● **Input data**
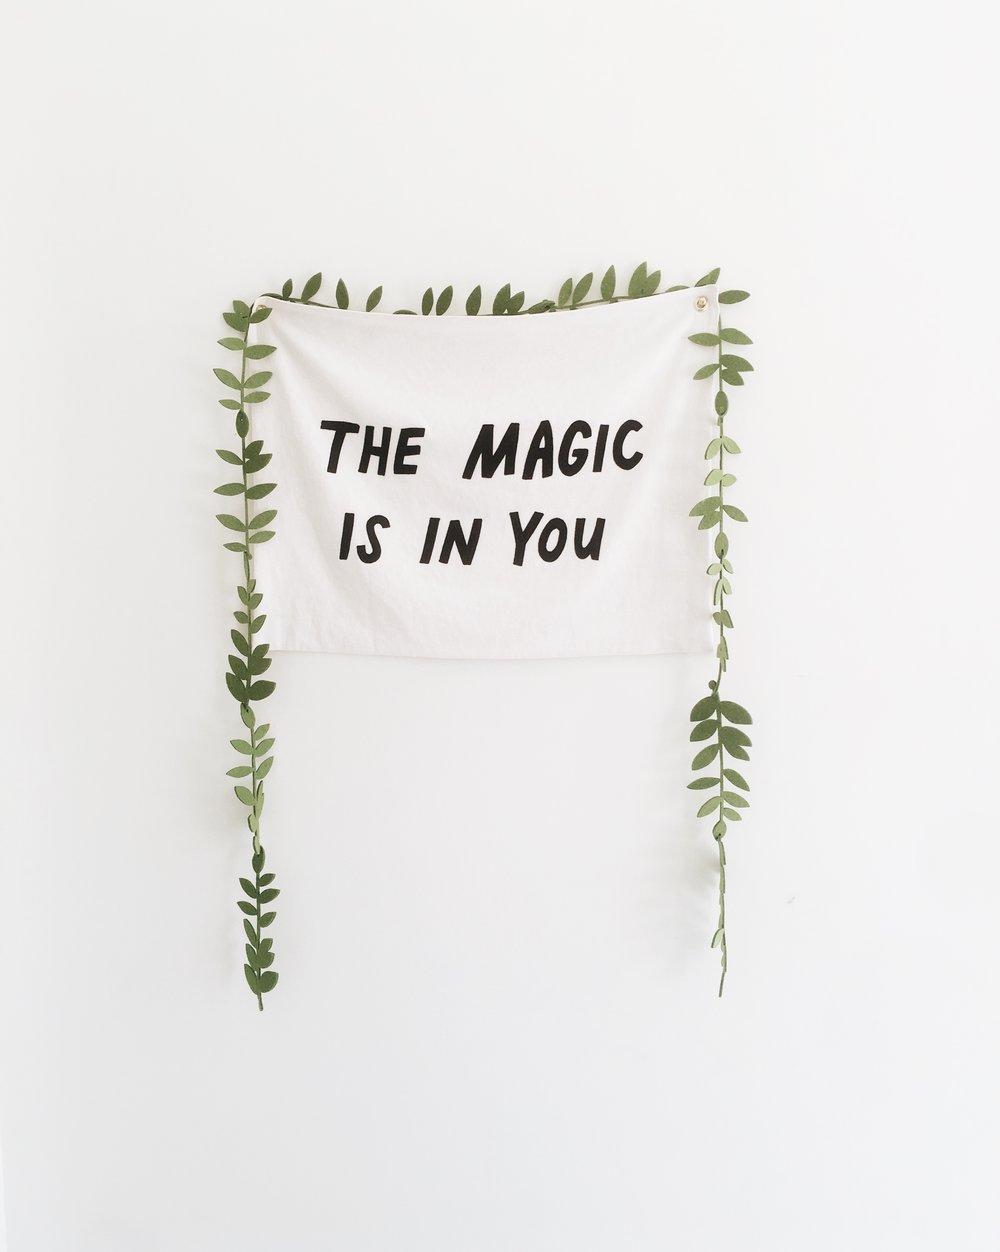 Magic in You anna-sullivan-575433-unsplash.jpg
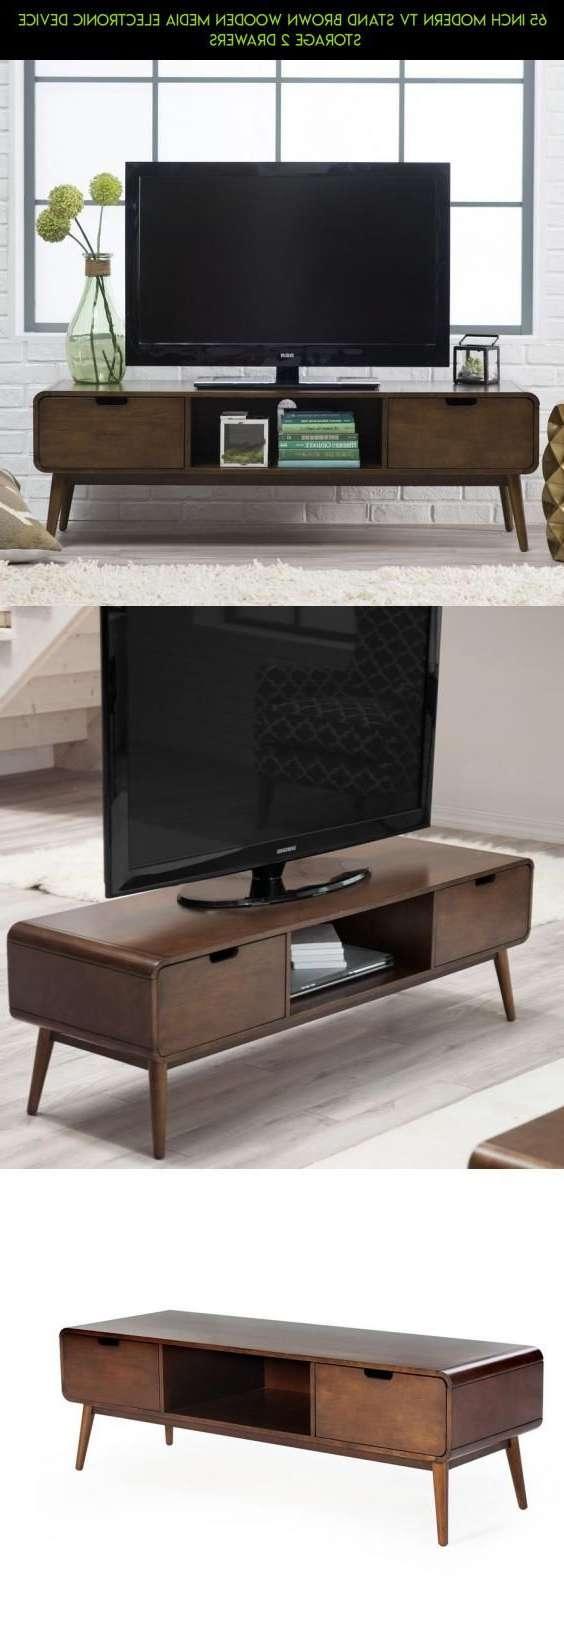 Tv : All Modern Tv Stands 2 Stylish Modern Tv Stands 2016' Modern Inside All Modern Tv Stands (View 11 of 20)
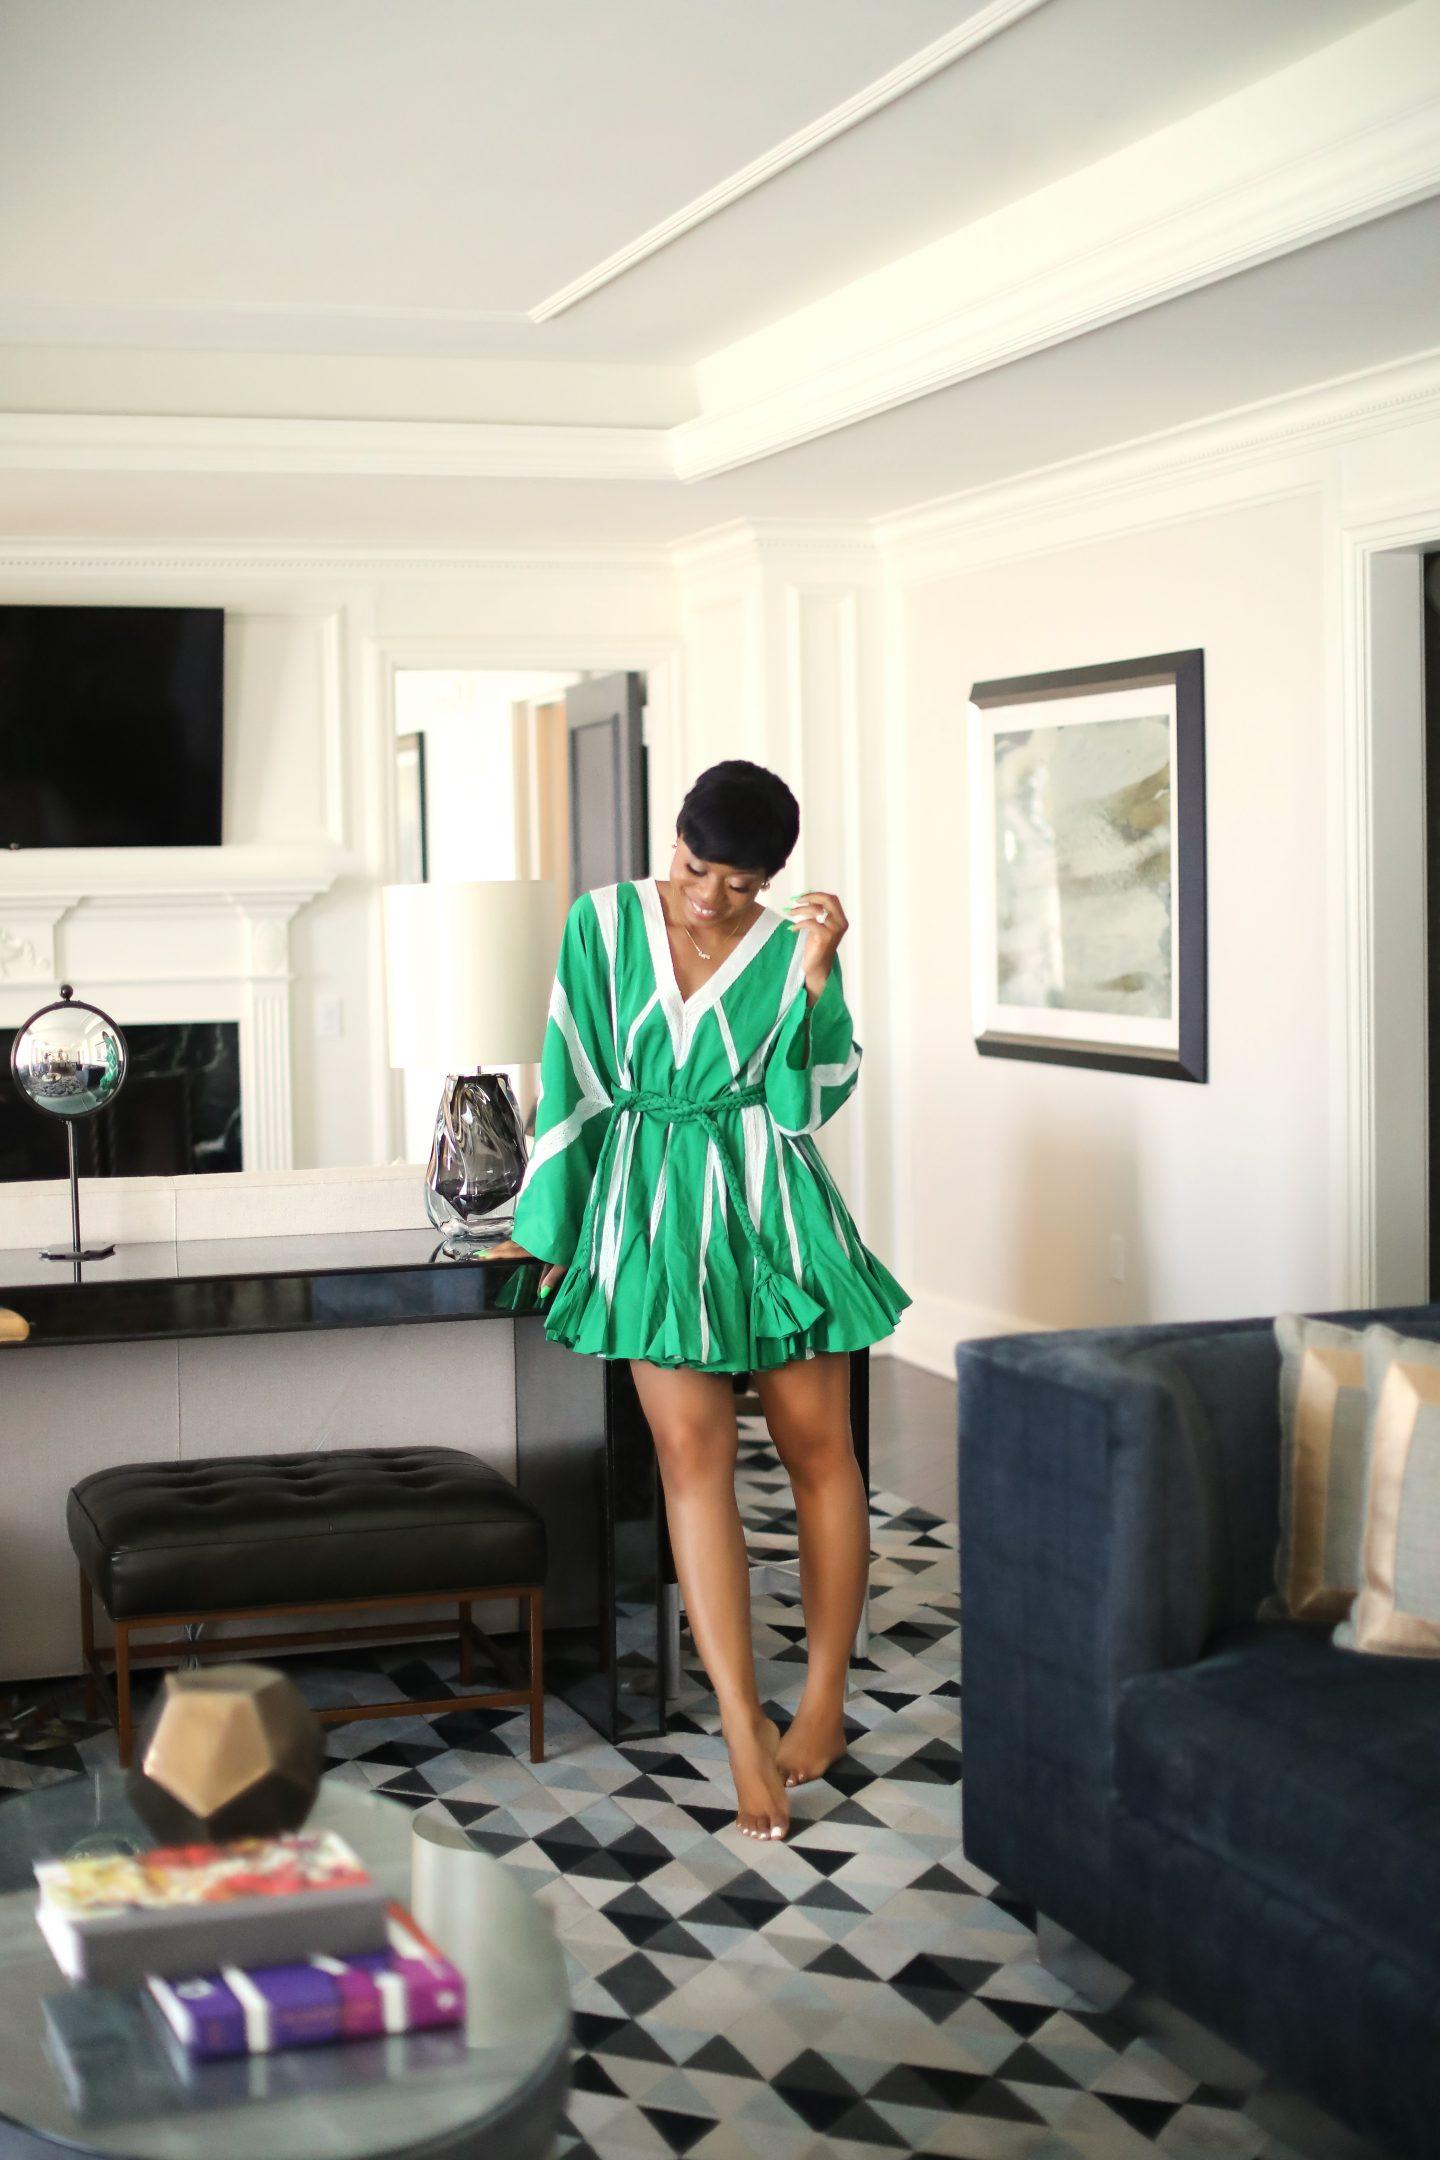 Stella-adewunmi-of-jadore-fashion-blog-the-perfect-weekend-getaway-in-virginia-to-book-now
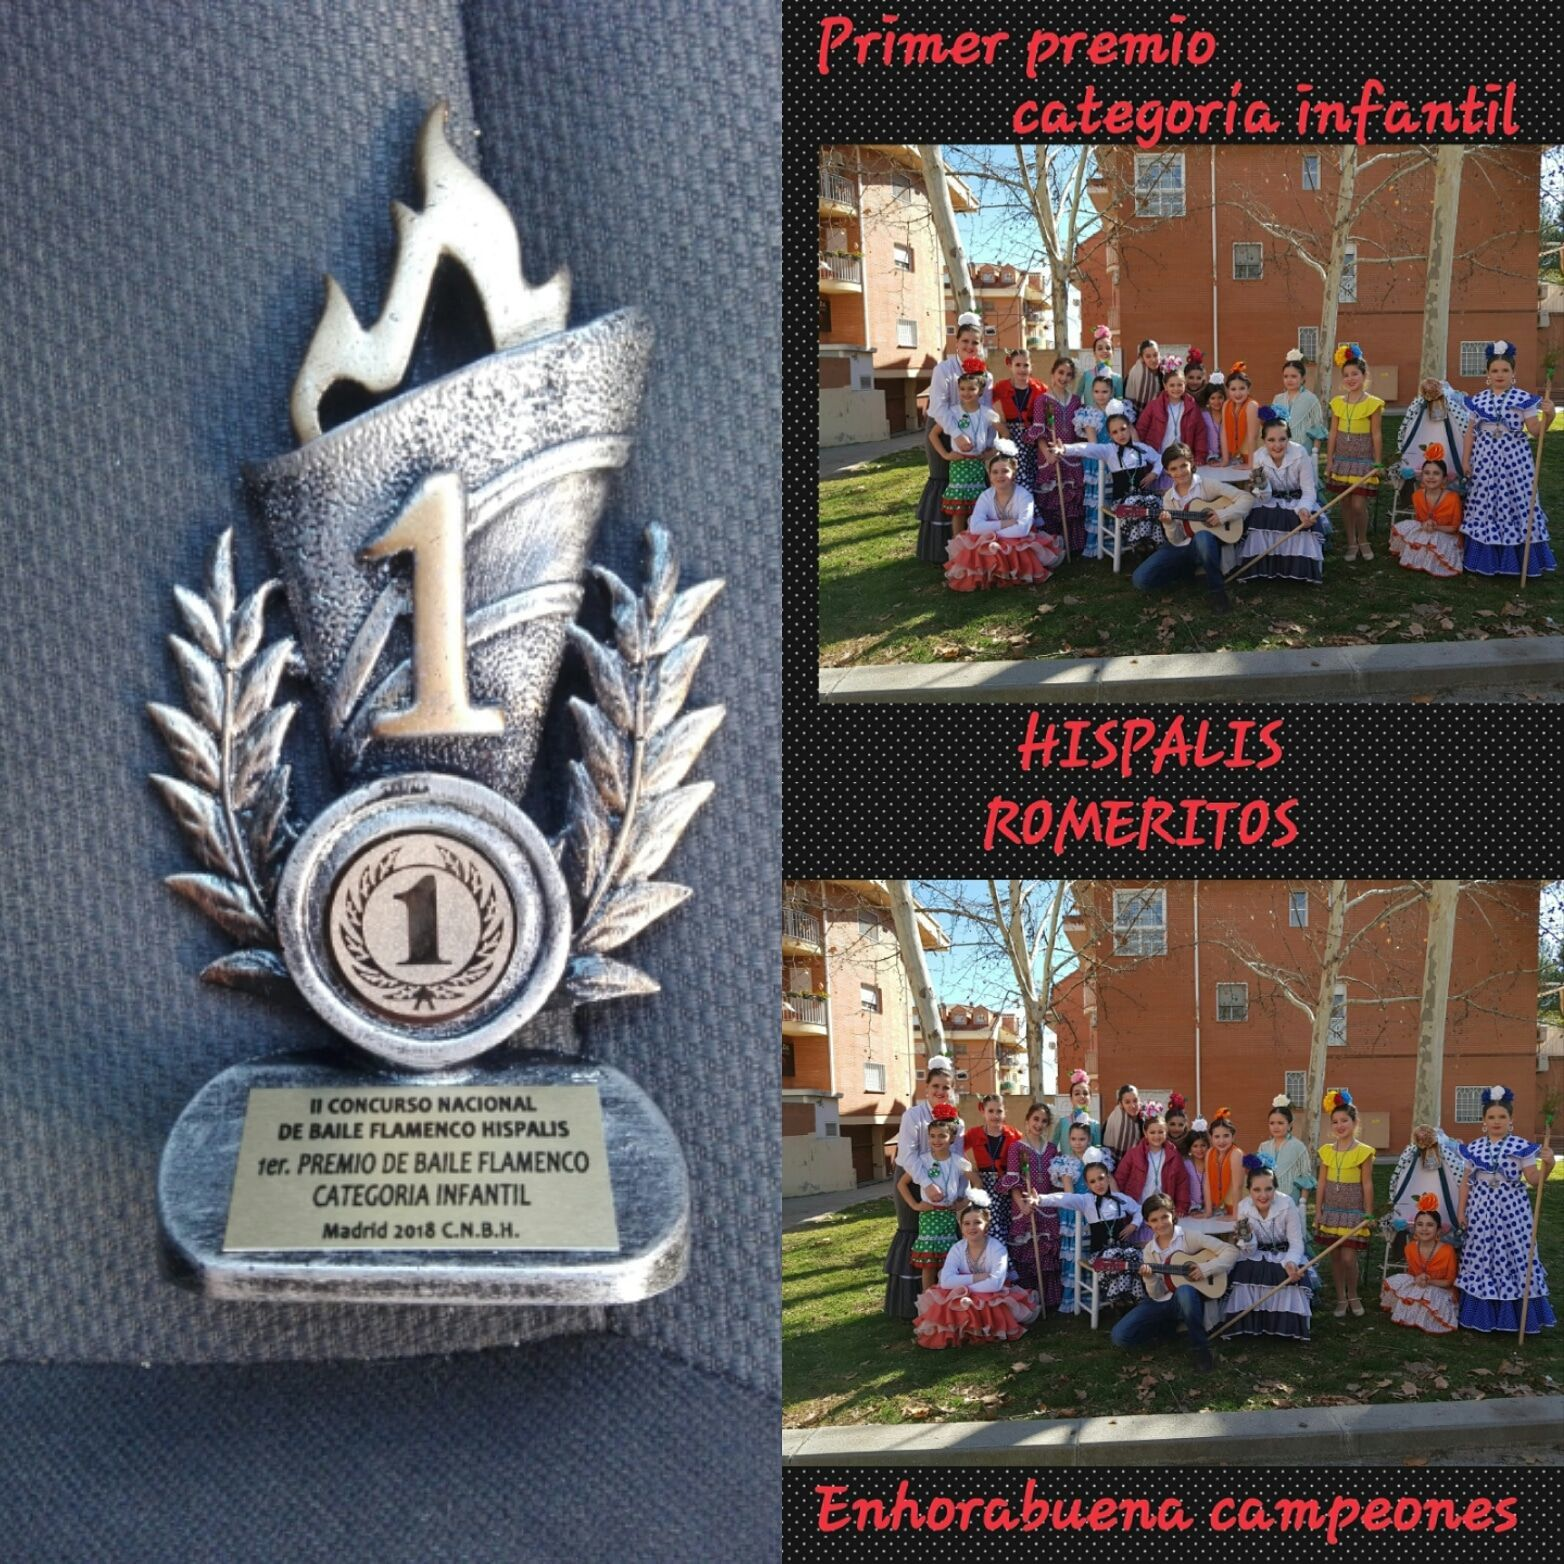 Primer premio INFANTIL Concurso Nacional de Baile Hispalis 2018

● **Problem requirements**
Retype the data above exactly. Leave the pictures out.

● **Answer section**
 Magic in You anna-sullivan-575433-unsplash.jpg
 Tv : All Modern Tv Stands 2 Stylish Modern Tv Stands 2016' Modern Inside All Modern Tv Stands (View 11 of 20)
 Stella-adewunmi-of-jadore-fashion-blog-the-perfect-weekend-getaway-in-virginia-to-book-now
 Primer premio INFANTIL Concurso Nacional de Baile Hispalis 2018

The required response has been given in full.